Pero era seguro que todos deseábamos, en la soledad del improvisado patio, que
algo inaudito ocurriera con tal de salvarnos del martirio. Ya no servían los
dolores de estómago de Oscar, los ataques epilépticos de González, ni la
esquizofrenia de Catalina. En su crueldad no existía la palabra misericordia.
-En dos minutos nos vamos al
salón, en orden -, pronunció con victoria fingida.
Seguramente había sido por la resignación
que nunca nos fijamos en el borrachín desharrapado surgido de alguna cueva. Su
andar tambaleante pasó a escasos metros de la fila. Contuvimos la risa hasta
cierto momento. Al tumbarse en el polvo y empezar a escupir improperios, las
carcajadas fueron inevitables. El hombre se levantó con dificultad, y con
inesperada alevosía arrastró sus pasos hacia nuestro nuevo verdugo. Parecía
inofensivo. Seguramente le pediría alguna moneda para el pan o empezaría el
repertorio de la autocompasión que despertara alguna lástima.
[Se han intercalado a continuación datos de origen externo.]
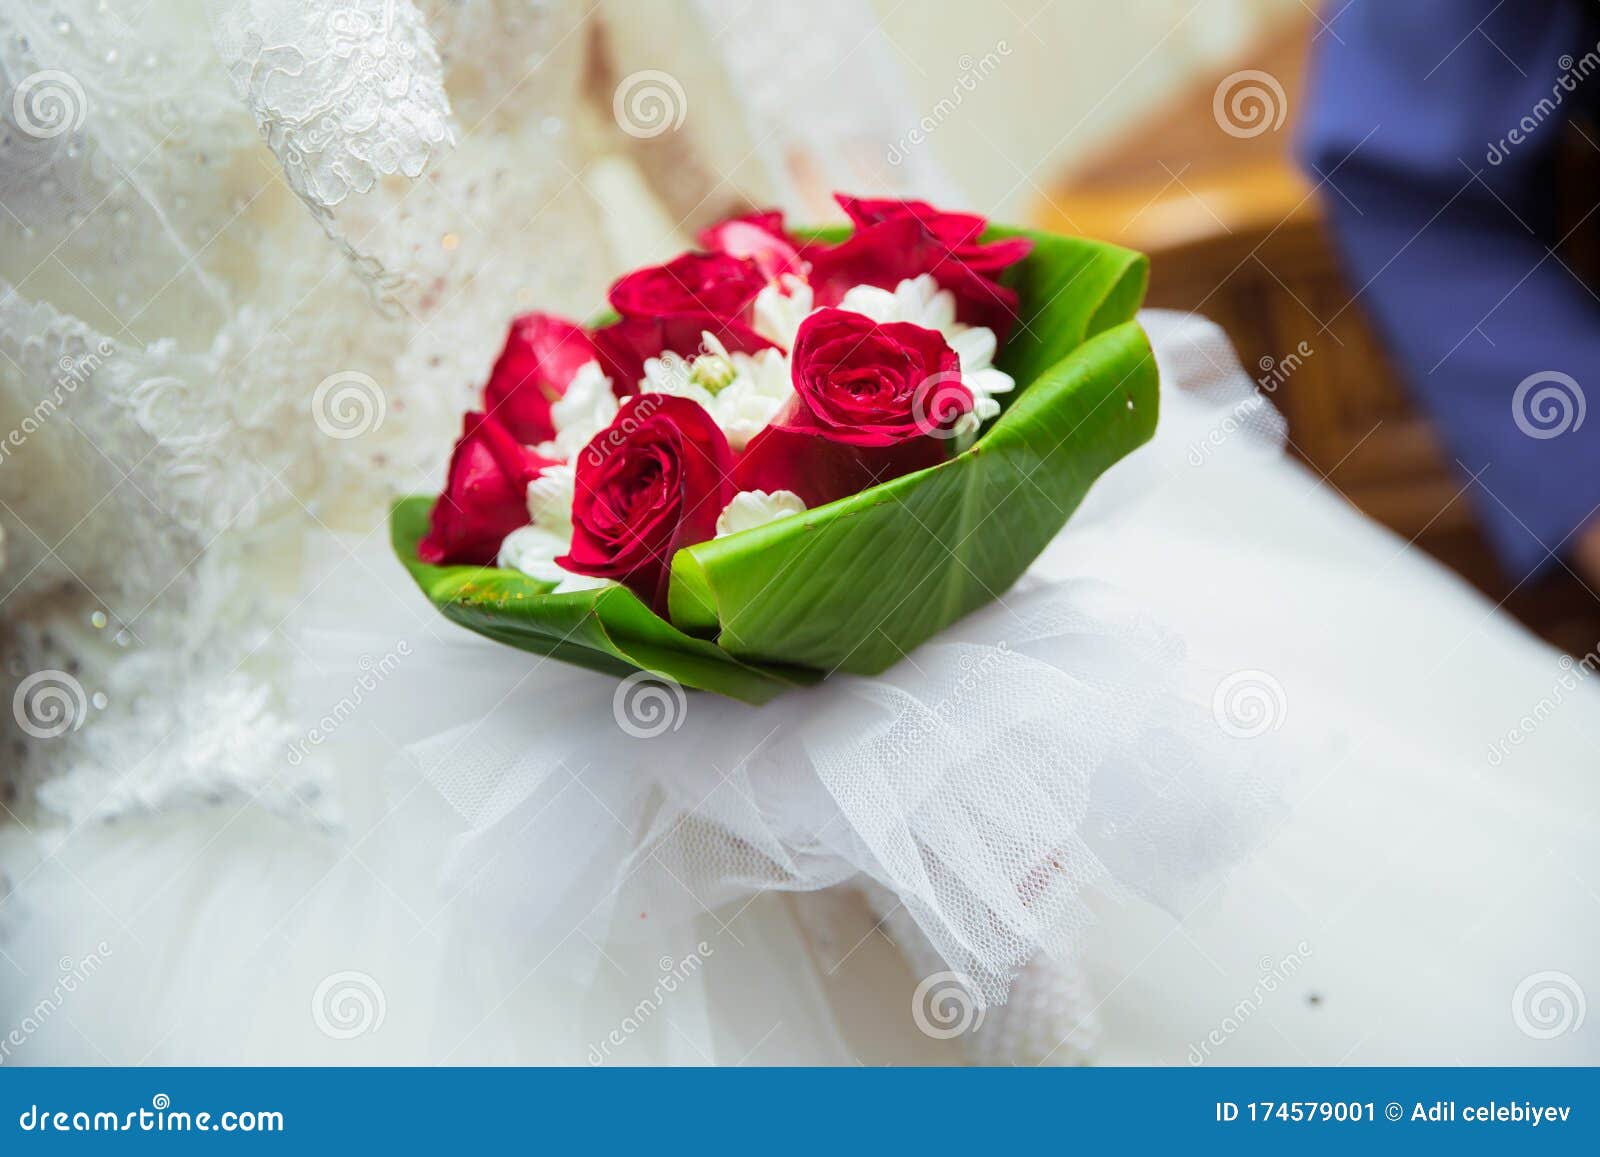 Bouquet De Rosas Vermelhas Nas Mãos Da Noiva . Escada De Mãos De Noiva  Segurando Belo Buquê De Casamento De Rosas Vermelhas. Imagem de Stock -  Imagem de bonito, encantador: 174579001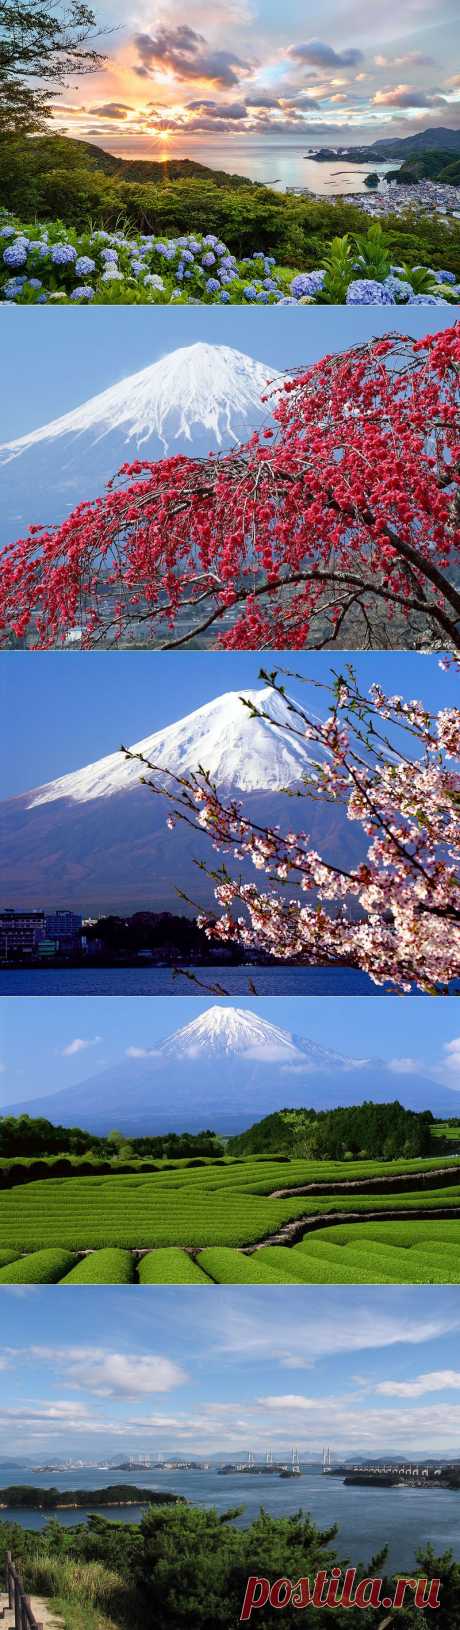 Япония - страна, сочетающая традиции и современность. Часть 1..

Pero a nuestro nuevo verdugo, ni la desgracia ajena lo
conmovía.
El silencio se quebró cuando
el borracho, con el puño cerrado y poseído por una lenta furia, lanzó un golpe certero.
Nuestro nuevo verdugo, petrificado por el ataque, cayó en el rezago de arbusto
húmedo y crecido. Las risas prontamente se tornaron en exclamaciones de
asombro. Por fin alguien lo había puesto en su sitio.
- ¡Nos salvamos de la
evaluación! – Se atrevió a decir con ligereza Oscar al momento de ver un remedo
de animal herido levantarse de las cenizas y del charco negruzco.
Todos apenas asentimos sin
mostrar alguna intención de socorrerlo. Ahí se hallaba el retrato de un hombre
derrotado que empezaba a convertirse en nuestro nuevo mártir.
- Se va a desquitar, así como
lo hace con nosotros cuando no le entregamos los ejercicios – profetizó un
González tembleque de emoción.
- Ya se levantó, se ve
furioso. Está embarrado y lo va a matar – Empezó a farfullar Catalina.
El borrachín seguía escupiendo
amenazas, a veces crudas, otras, cortadas por el carraspeo de su resaca. En el
segundo ataque, nuestro nuevo mártir, ya con el ojo amoratado y la rabia
ensanchándose en sus pómulos, solamente se limitó a evadir los siguientes
golpes sin intención de agredirlo. Simplemente murmuraba frases de calma, como
única manera de defensa ante la furia cohibida.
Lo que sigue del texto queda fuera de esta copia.